TASK TO CARRY OUT:
Would you reproduce the data below exactly, please, leaving out its images?

DATASET CONTENT:
- Opening Delimiter -

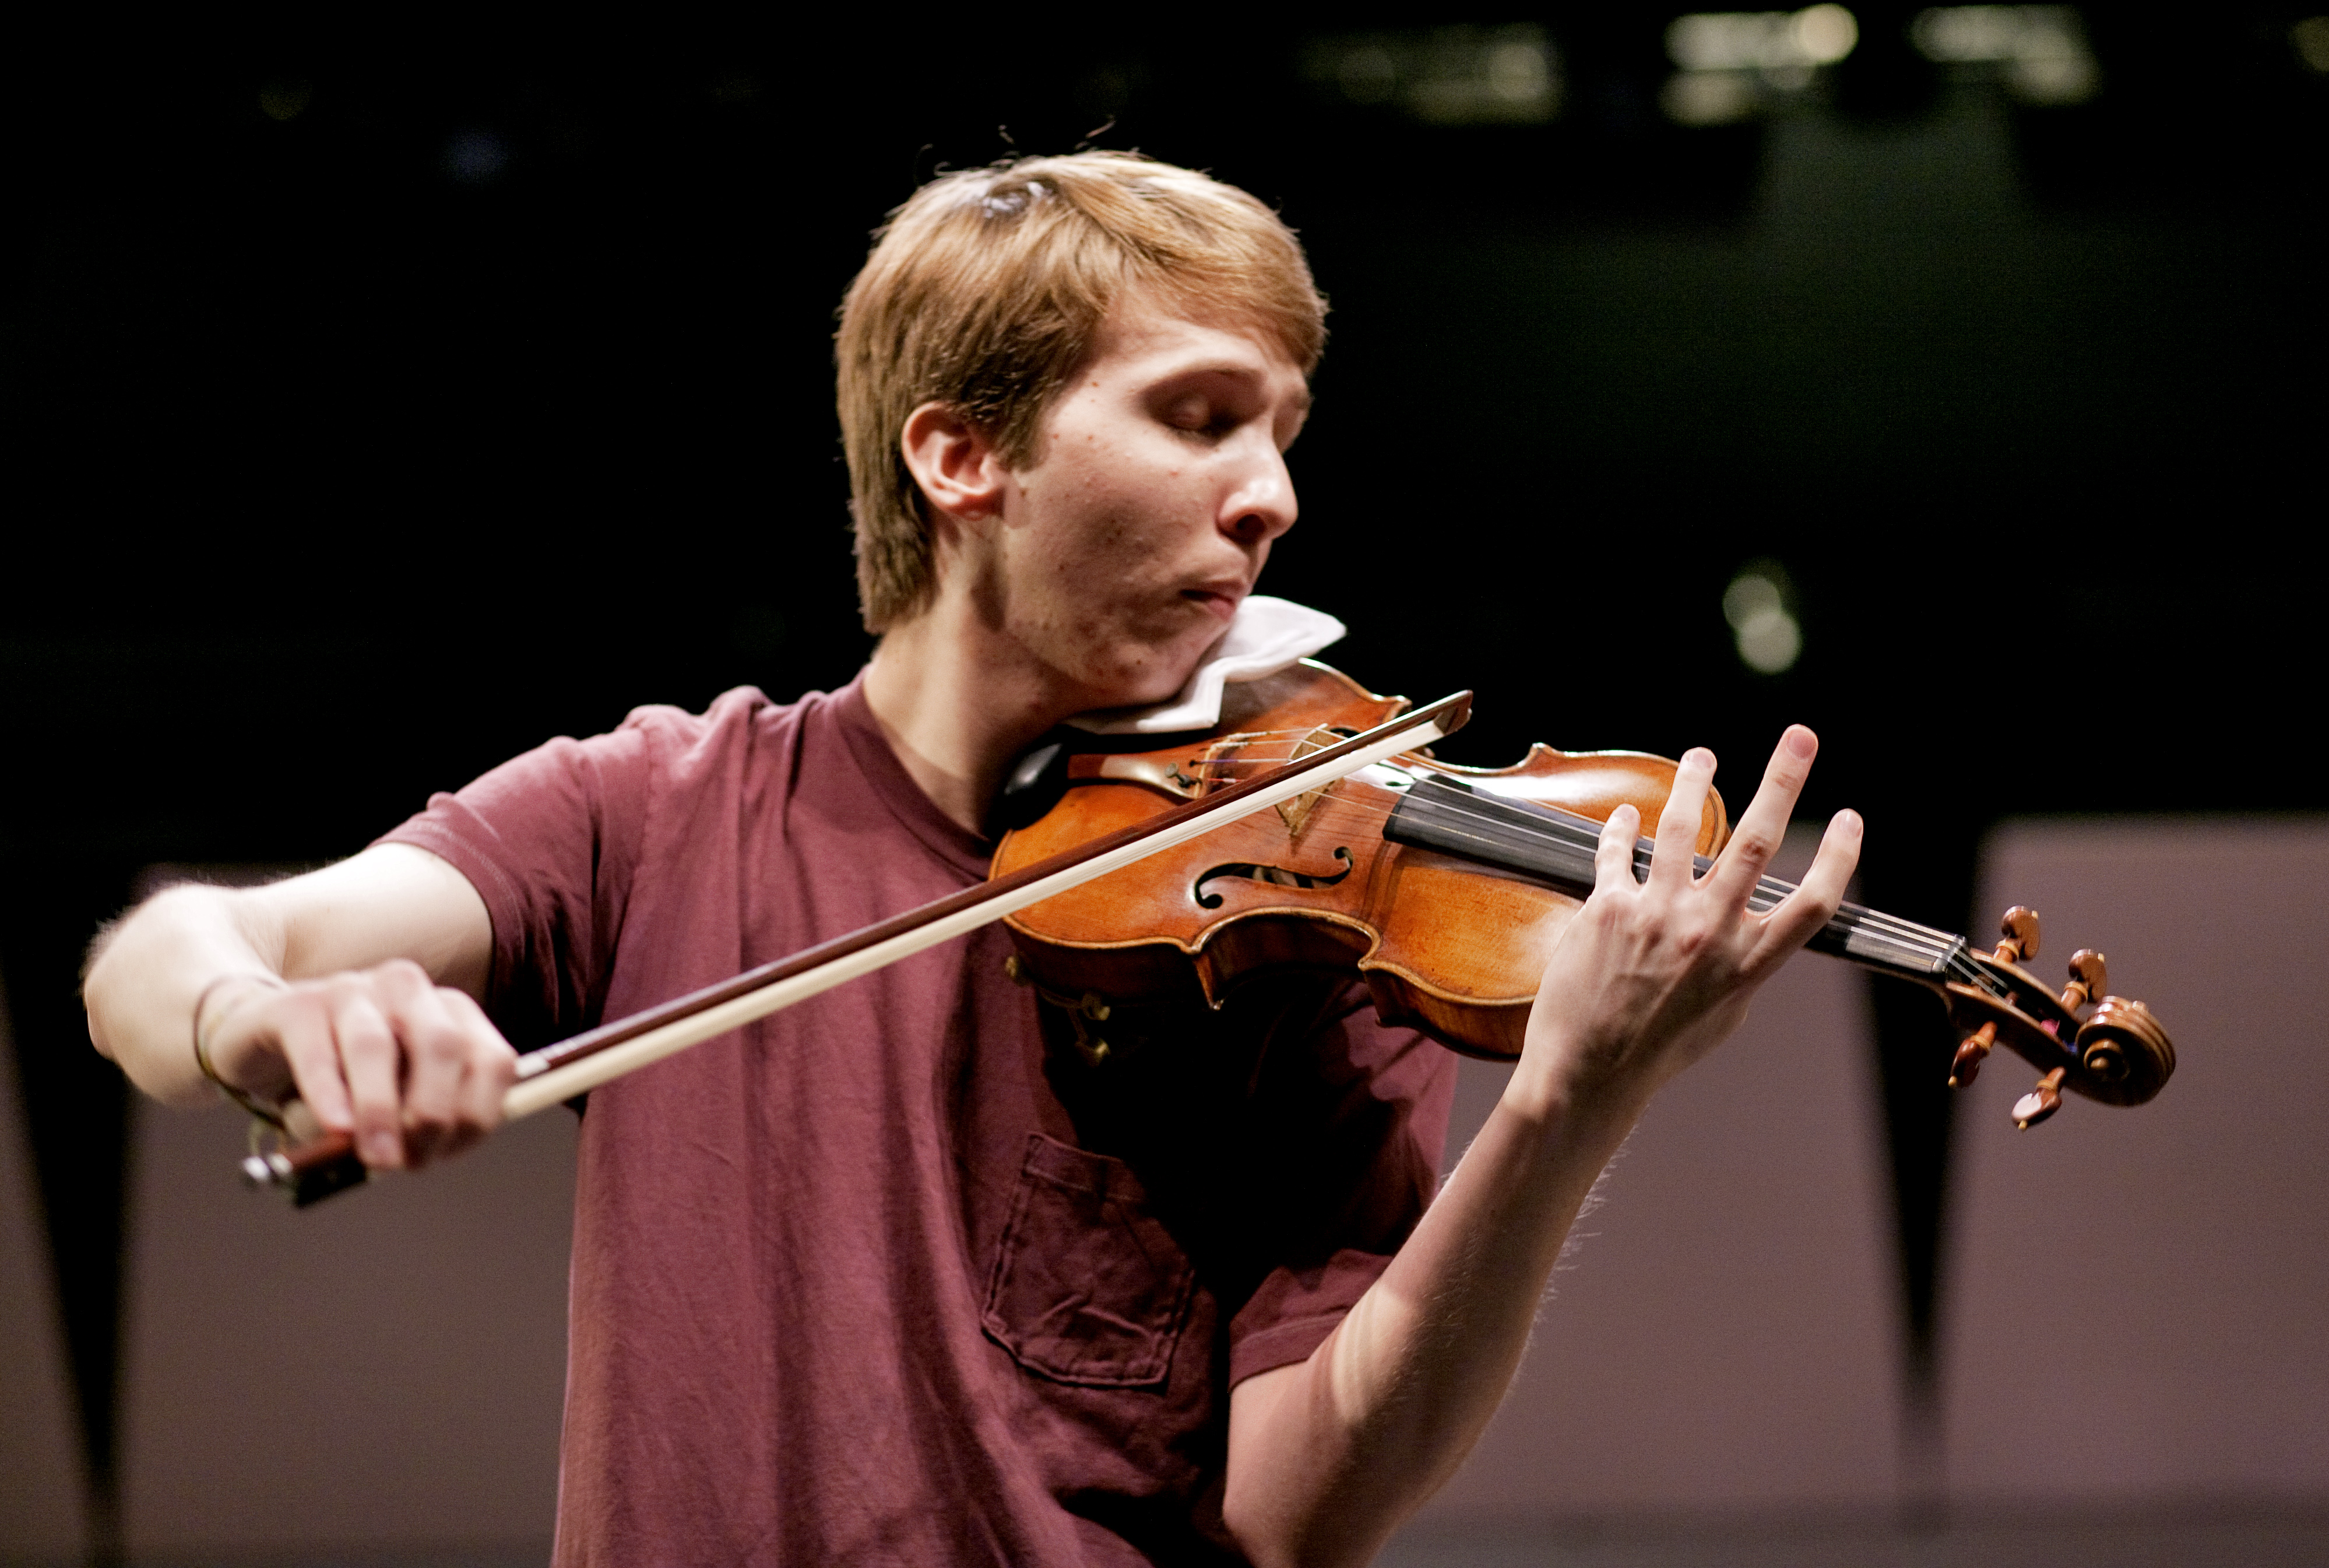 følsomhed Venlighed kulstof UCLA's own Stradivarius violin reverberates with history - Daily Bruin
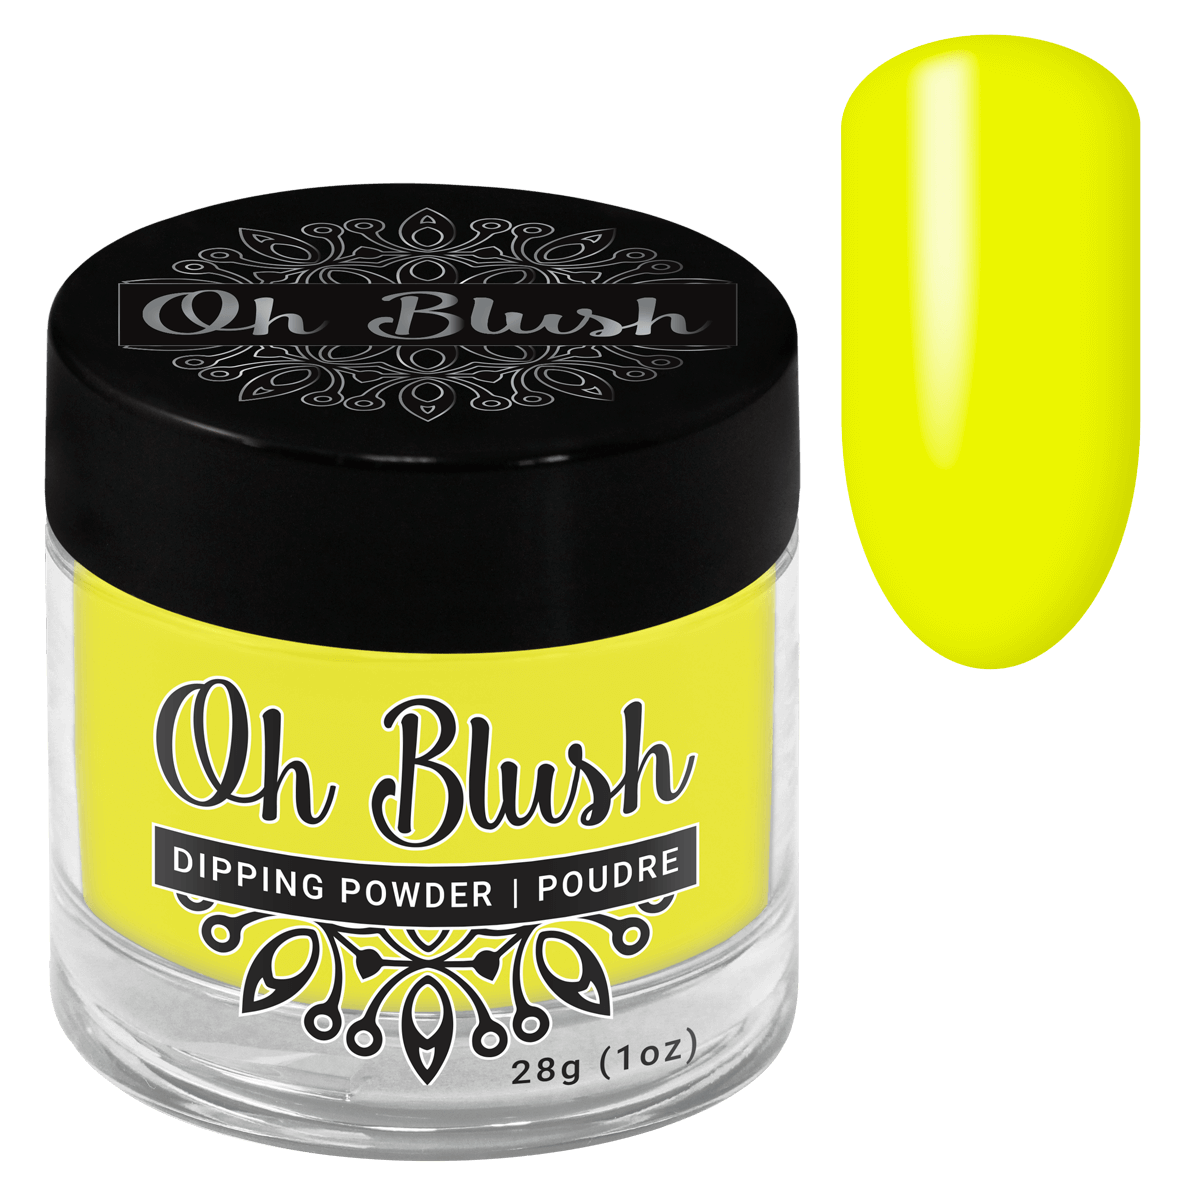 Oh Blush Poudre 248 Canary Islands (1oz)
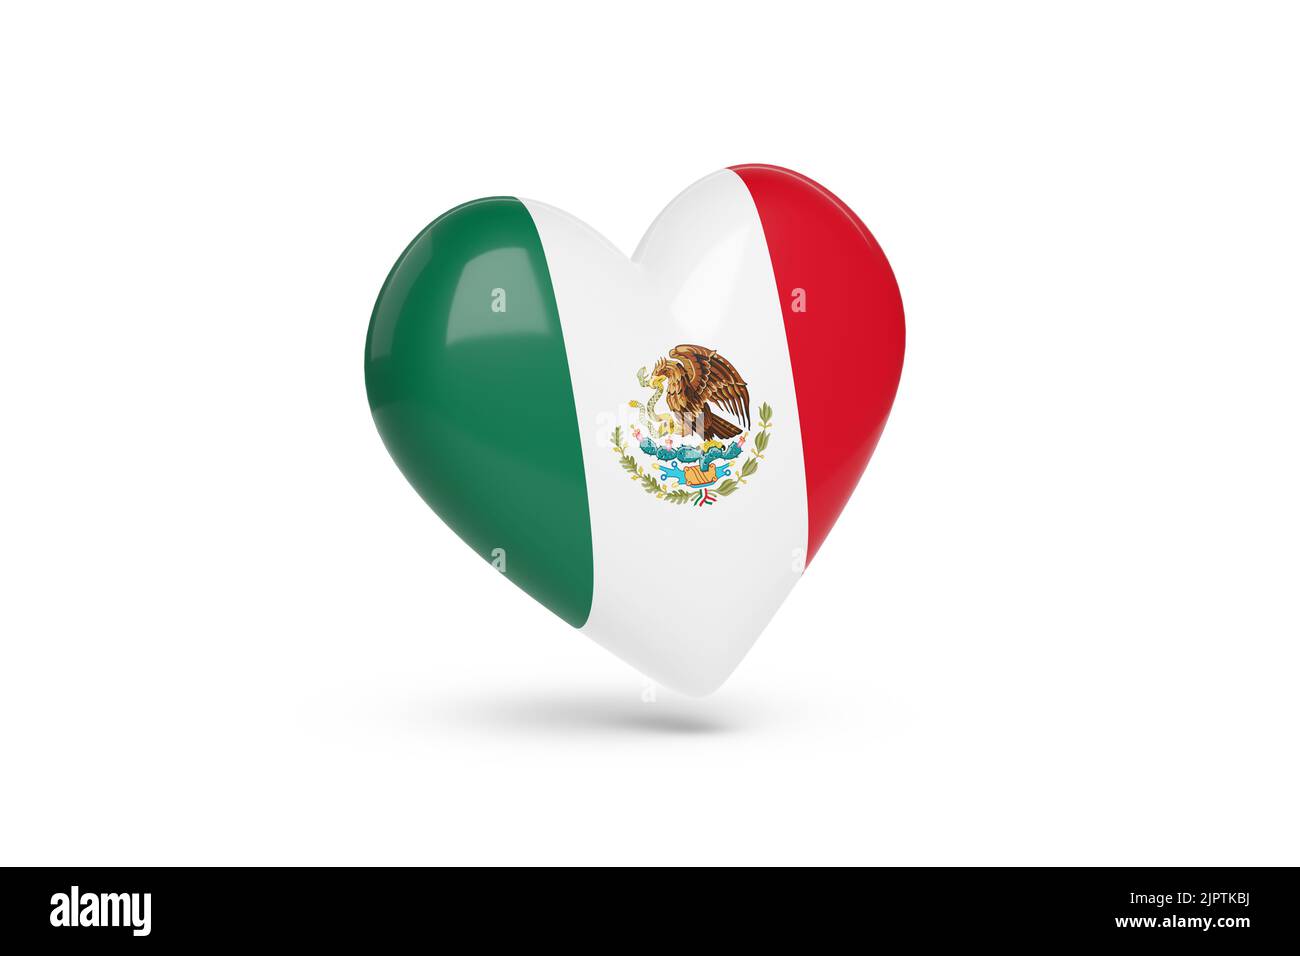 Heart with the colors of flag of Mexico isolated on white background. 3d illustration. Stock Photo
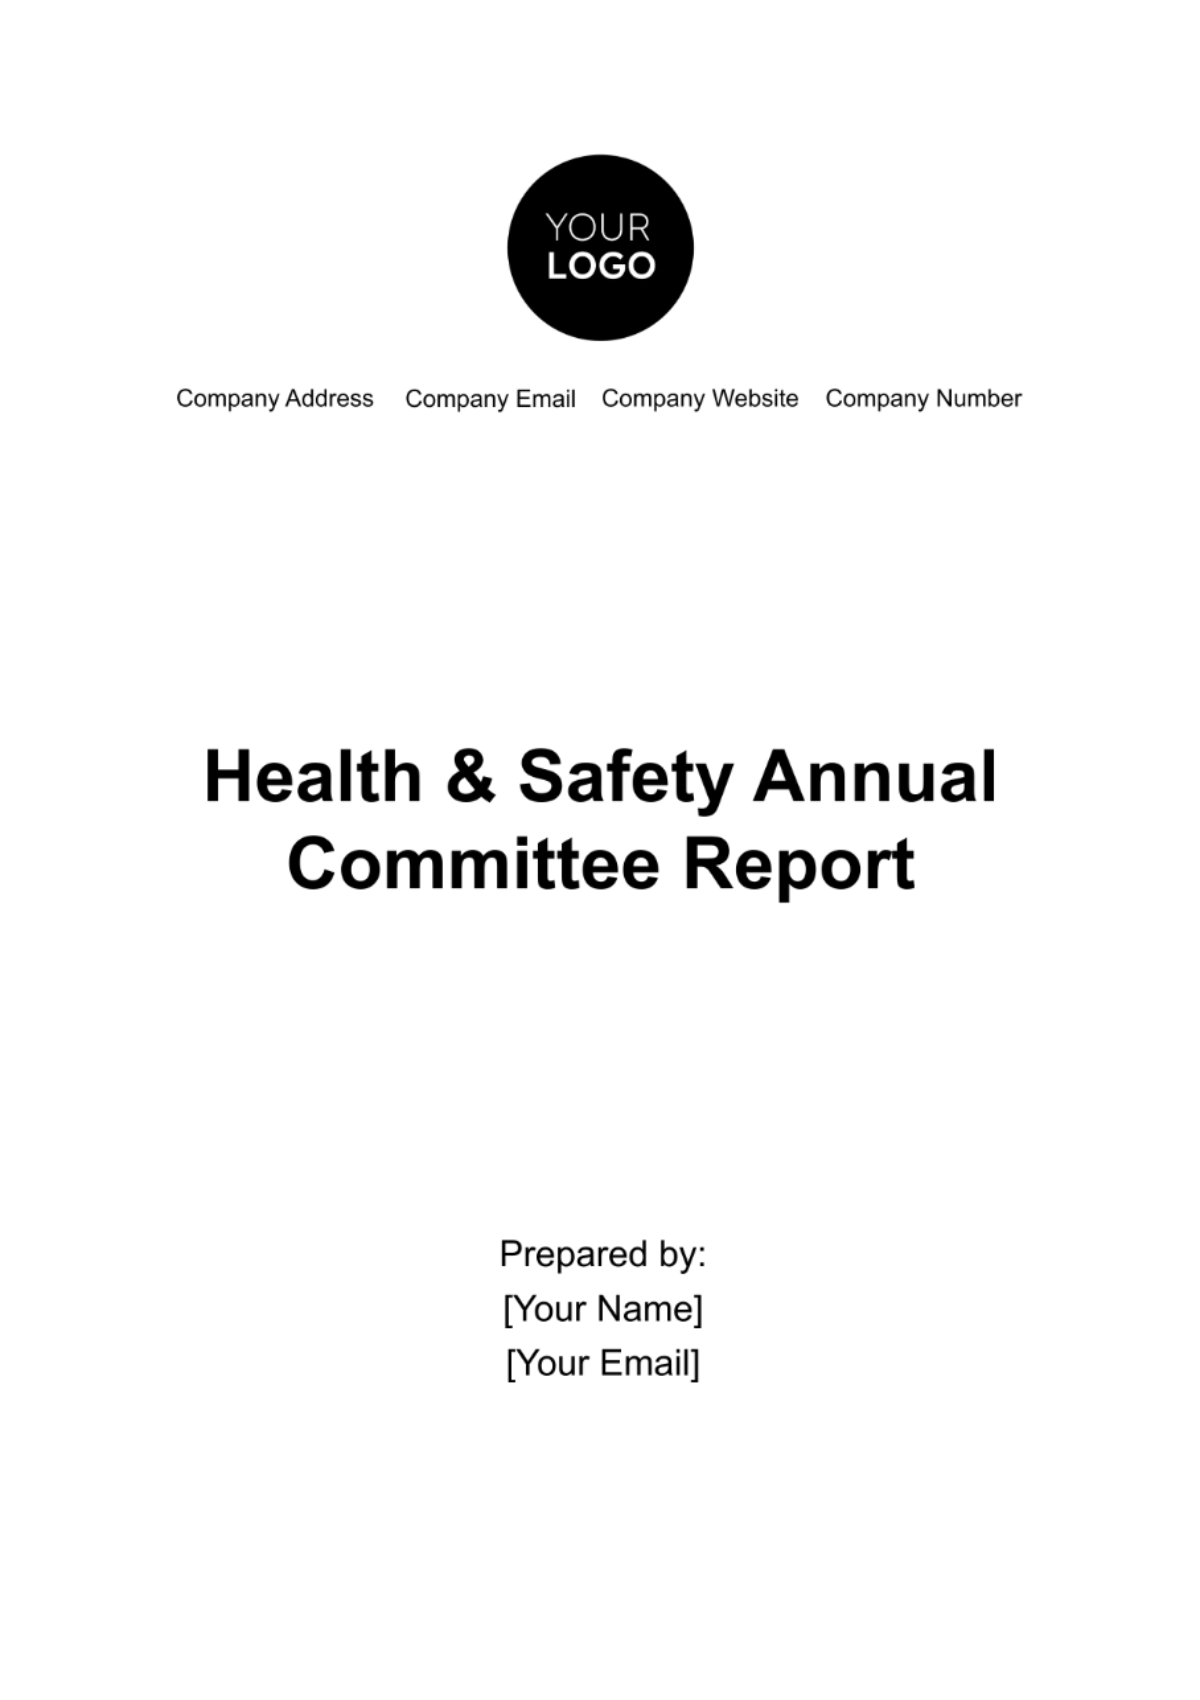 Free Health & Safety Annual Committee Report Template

- Closing Delimiter -

ANSWER AREA:
 følsomhed Venlighed kulstof UCLA's own Stradivarius violin reverberates with history - Daily Bruin
 Oh Blush Poudre 248 Canary Islands (1oz)
 Heart with the colors of flag of Mexico isolated on white background. 3d illustration. Stock Photo
 Free Health & Safety Annual Committee Report Template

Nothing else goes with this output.